Арбатская эпопея и обязанность помнить 10 страница



Последние слова приводят нас вплотную к непосредственной теме настоящих заметок – к посвященному Риму фильму «Брюхо архитектора». Остановиться на обстоятельствах жизни Гринауэя и на его имидже было необходимо, потому что они вырастают из той пресыщенности культурой, доступности ее, из витающего в воздухе чувства благополучия, неотделимого от чувства всеобщей относительности, иронии и «невсамделишности», чреватой бедой, которые составляют тональную предпосылку всего постмодерна и как жизнеощущения, и как философии. В «Брюхе архитектора» они даны концентрированно – настолько концентрированно, что в конечном счете перерастают сами себя. Предлагаемый разбор фильма не претендует на киноведческий анализ, он носит культурологический и философский характер. Конечная цель его – проверить впечатление, оставляемое фильмом, согласно которому постмодернизм не исчерпывается своим тупиково нигилистическим, глубоко кризисным содержанием, но

1032

и предуказывает, может быть, какие‑то выходы из кризиса, несет на себе отсветы нового, непривычного, гуманизма.

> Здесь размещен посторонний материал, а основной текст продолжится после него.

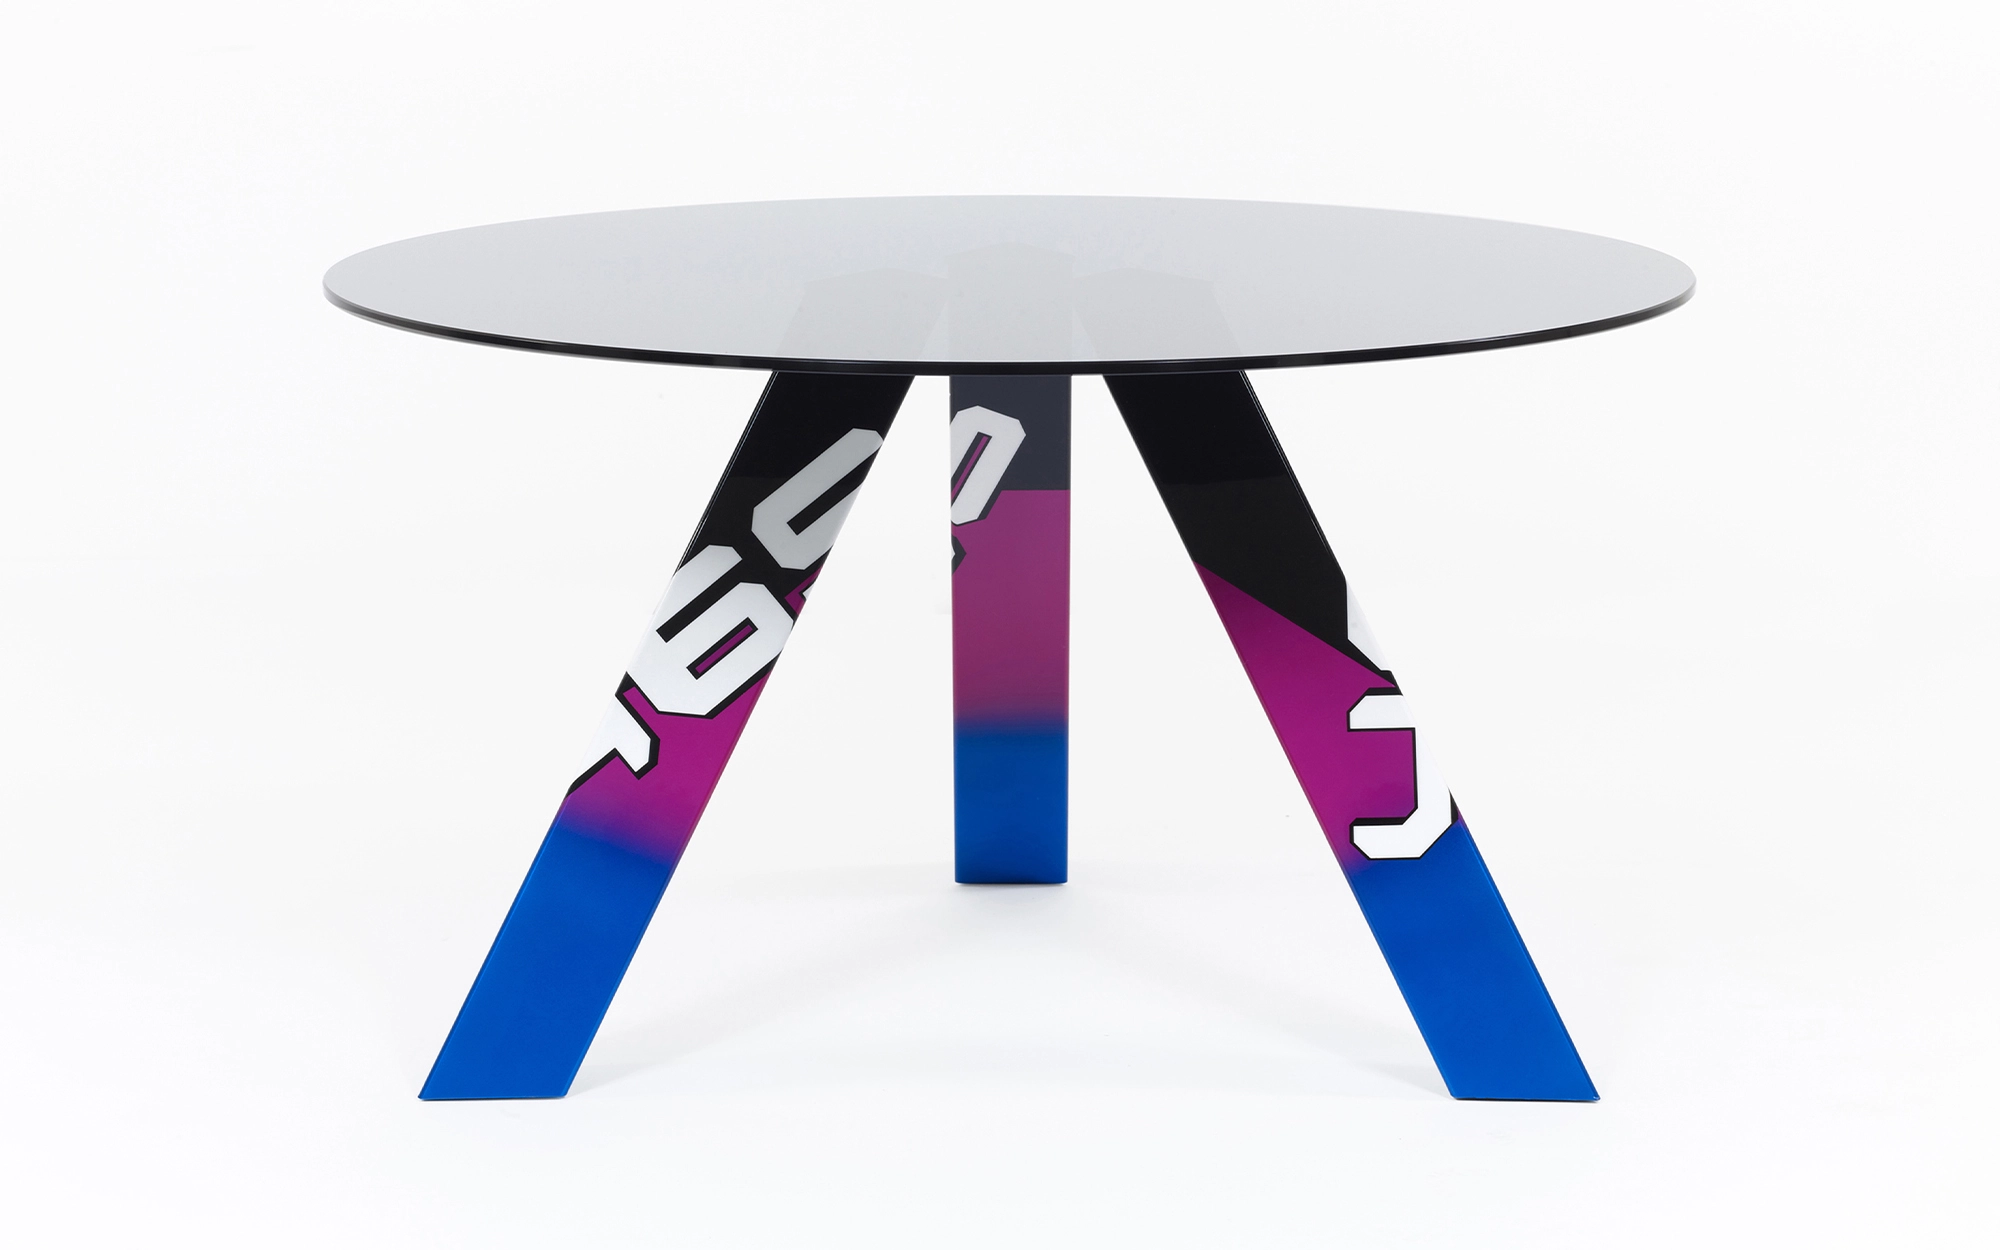 465 Table - Konstantin Grcic - Pendant light - Galerie kreo

Фабула фильма несложна. Американский архитектор Крэклайт приезжает вместе со своей женой, итальянкой по национальности, в Рим, где он должен строить по контракту с итальянской строительно‑архитектурной фирмой грандиозный выставочный павильон. Открытие павильона должно быть ознаменовано вернисажем выставки, посвященной французскому архитектору XVIII в. Булэ (1728‑1789; годы его жизни указаны в самом фильме) – любимому архитектору Крэклайта. Вскоре после приезда в Рим у него начинается болезнь желудка, сопровождаемая мучительными спазмами и рвотами. Воспользовавшись этим, итальянские антрепренеры постепенно оттесняют Крэклайта от проекта, компрометируют его, и, наконец, разрывают контракт. Вдохновляет интригу итальянский архитектор Кастезиан, в ходе которой он уводит у Крэклайта жену, а самого американца соблазняет по наущению того же Кастезиан а его сестра, владелица фотоателье и художник‑фотограф. Обманутый и совершенно одинокий, смертельно больной Крэклайт в заключительном эпизоде фильма появляется на вернисаже всем чужой, падает из окна верхнего этажа и разбивается насмерть о крышу стоящего внизу автомобиля.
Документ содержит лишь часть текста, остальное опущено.